I'm trying to run a LASSO regression and use tidymodels to tune the lambda parameter. See my code below. Link to the data here. I'm largely following the code laid out here.
library(tidyverse)
library(tidymodels)
library(glmnet)
dat <- read_csv("all_dat.csv")
wf <- workflow()
# split test and train ---------------------------------------------------------
set.seed(1839)
dat_split <- dat %>%
initial_split(strata = year)
dat_train <- training(dat_split)
dat_test <- testing(dat_split)
# preprocessing ----------------------------------------------------------------
dat_train_prep <- recipe(win_pct ~ ., data = dat_train) %>%
step_normalize(all_numeric(), -all_outcomes()) %>%
update_role(team, year, new_role = "ID")
wf <- wf %>%
add_recipe(dat_train_prep)
# specify model ----------------------------------------------------------------
lasso_spec <- linear_reg(penalty = tune(), mixture = 1) %>%
set_engine("glmnet")
wf <- wf %>%
add_model(lasso_spec)
# tune for lambda --------------------------------------------------------------
lasso_grid <- tune_grid(
wf,
resamples = vfold_cv(dat_train, v = 5, strata = year),
grid = grid_regular(penalty(), levels = 50)
)
lasso_grid %>%
collect_metrics() %>%
ggplot(aes(log(penalty), mean, color = .metric)) +
geom_line() +
facet_wrap(~.metric, scales = "free", nrow = 2) +
theme(legend.position = "none")
best_lambda <- lasso_grid %>%
select_best("rmse")
wf <- finalize_workflow(wf, best_lambda)
# fit model --------------------------------------------------------------------
mod_train <- wf %>%
fit(dat_train)
Note that I get these messages while running tune_grid:
! Fold1: internal: A correlation computation is required, but `estimate` is constant and has 0 standard deviation, resulting in a divide by 0 error. `NA` will be returned.

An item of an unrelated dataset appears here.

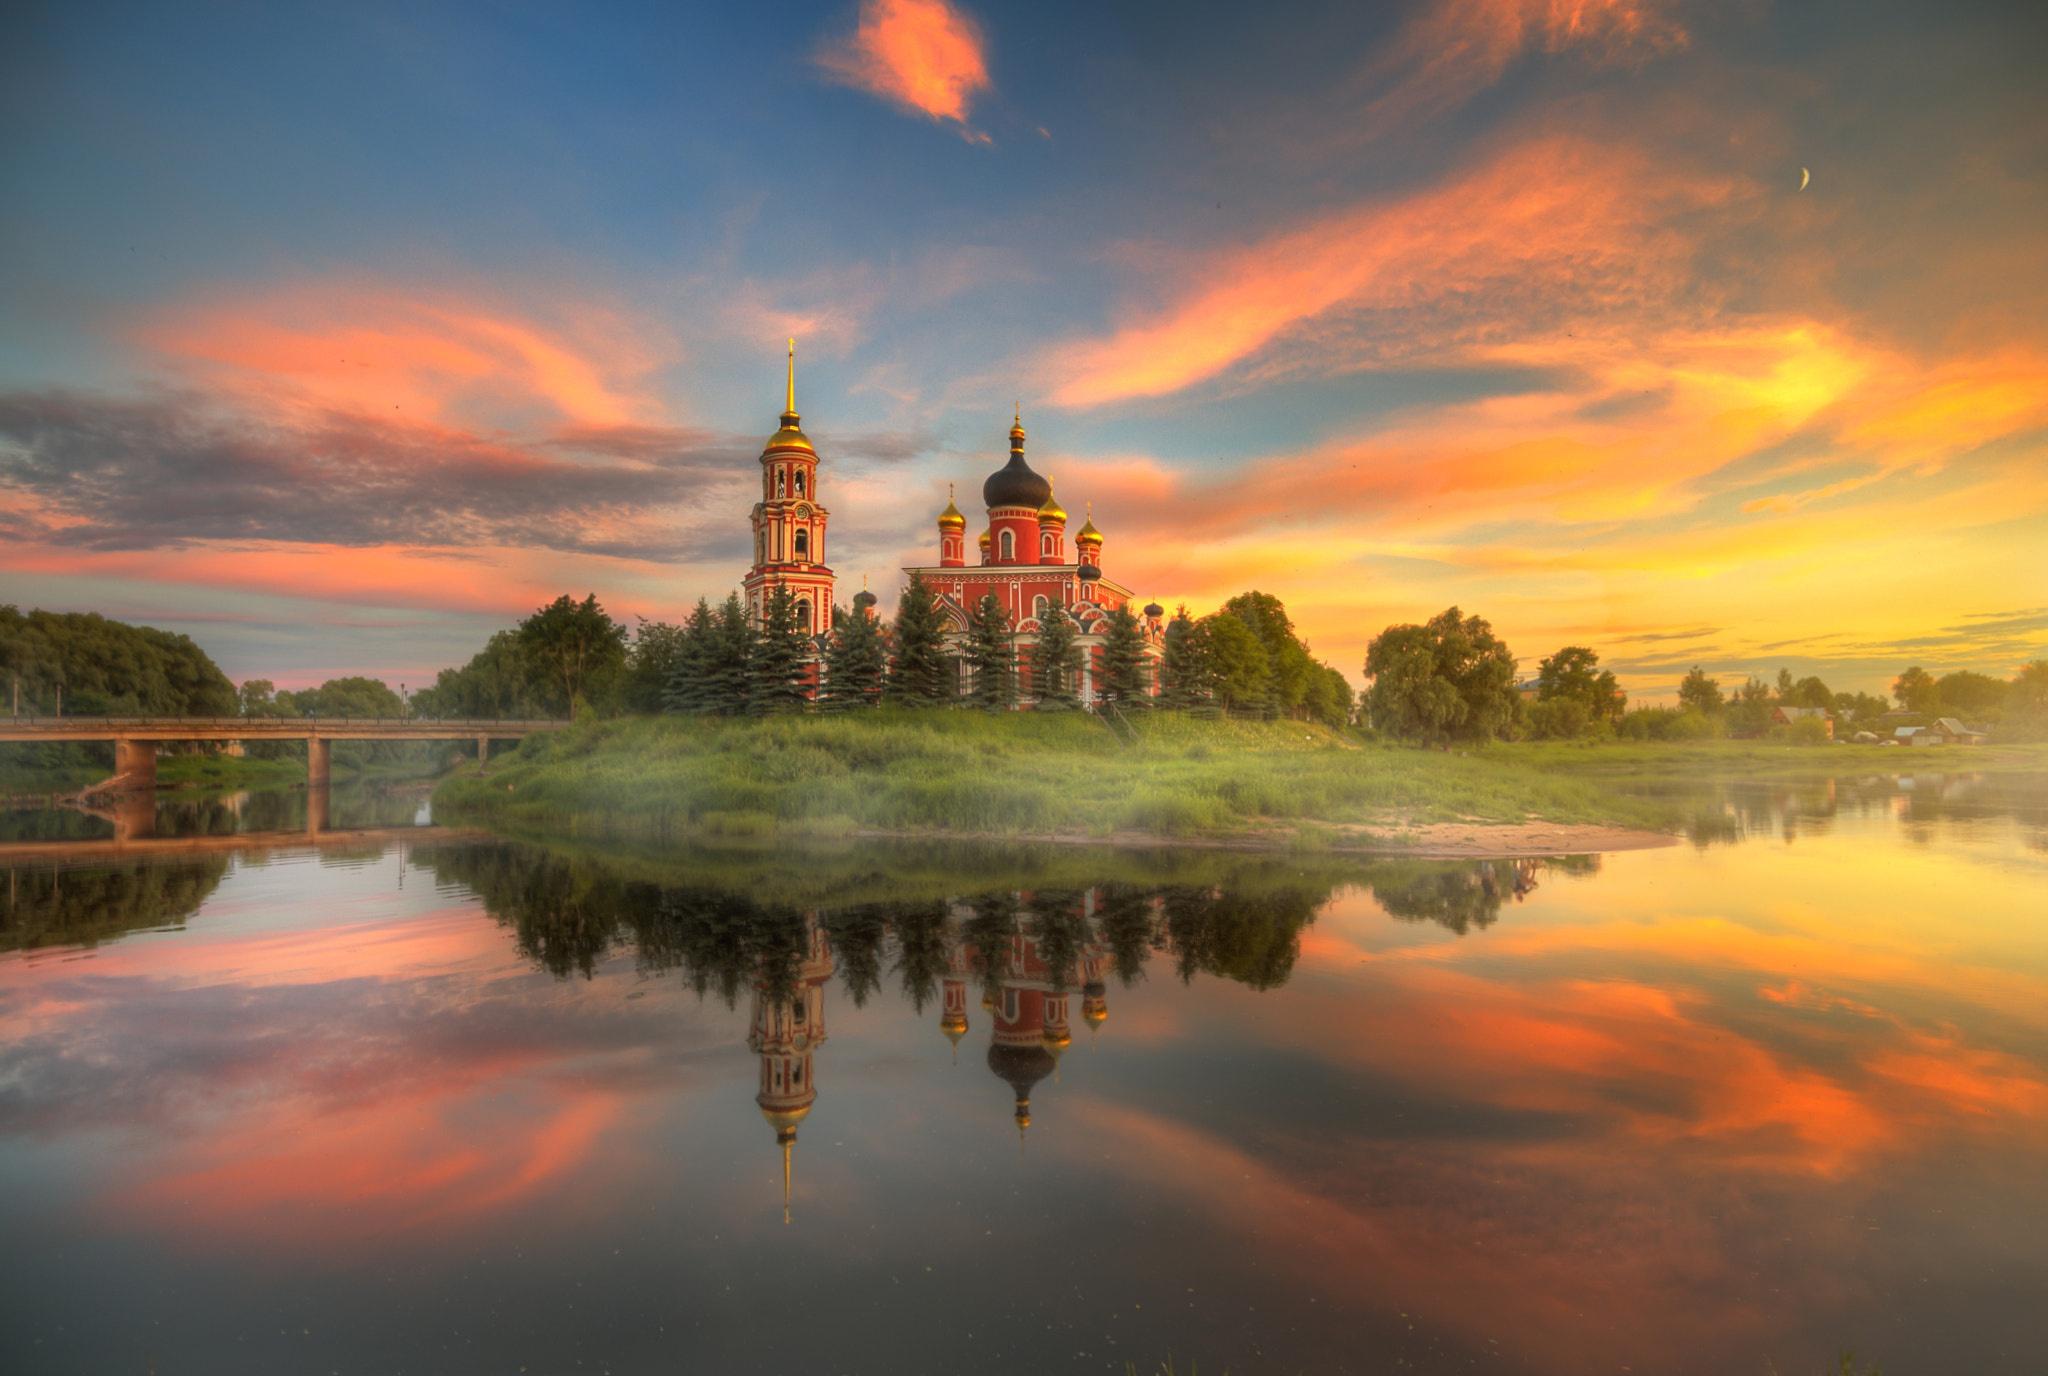 компании картинки монастырь у воды сша жители могут
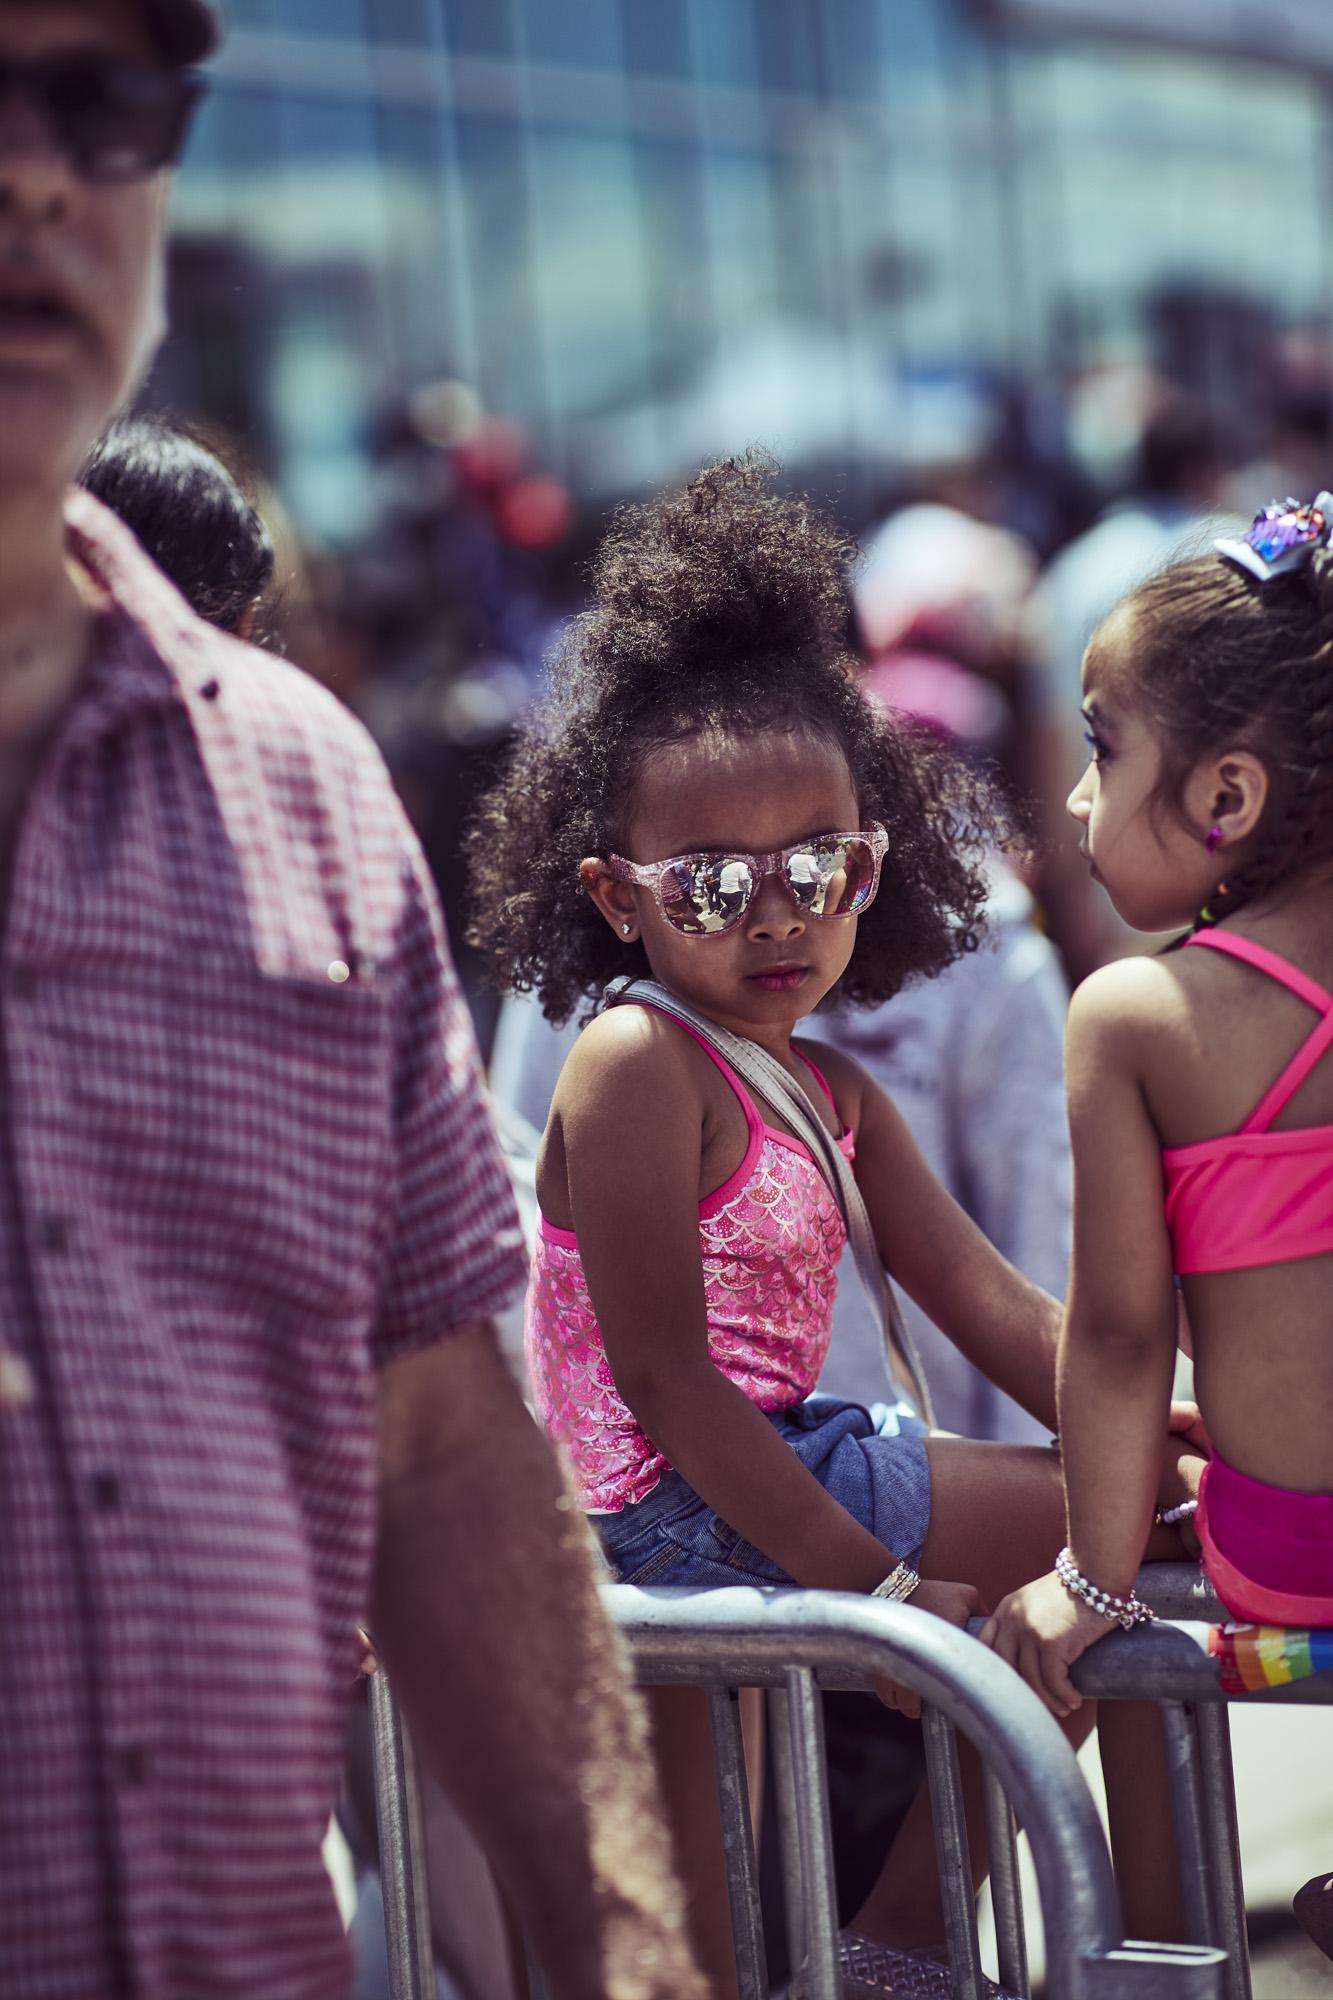 kyrani-kanavaros-new-york-photography-49.jpg

! Fold2: internal: A correlation computation is required, but `estimate` is constant and has 0 standard deviation, resulting in a divide by 0 error. `NA` will be returned.
! Fold3: internal: A correlation computation is required, but `estimate` is constant and has 0 standard deviation, resulting in a divide by 0 error. `NA` will be returned.
! Fold4: internal: A correlation computation is required, but `estimate` is constant and has 0 standard deviation, resulting in a divide by 0 error. `NA` will be returned.
! Fold5: internal: A correlation computation is required, but `estimate` is constant and has 0 standard deviation, resulting in a divide by 0 error. `NA` will be returned.
I can't find a good explanation what this means, but that is not the issue at hand here.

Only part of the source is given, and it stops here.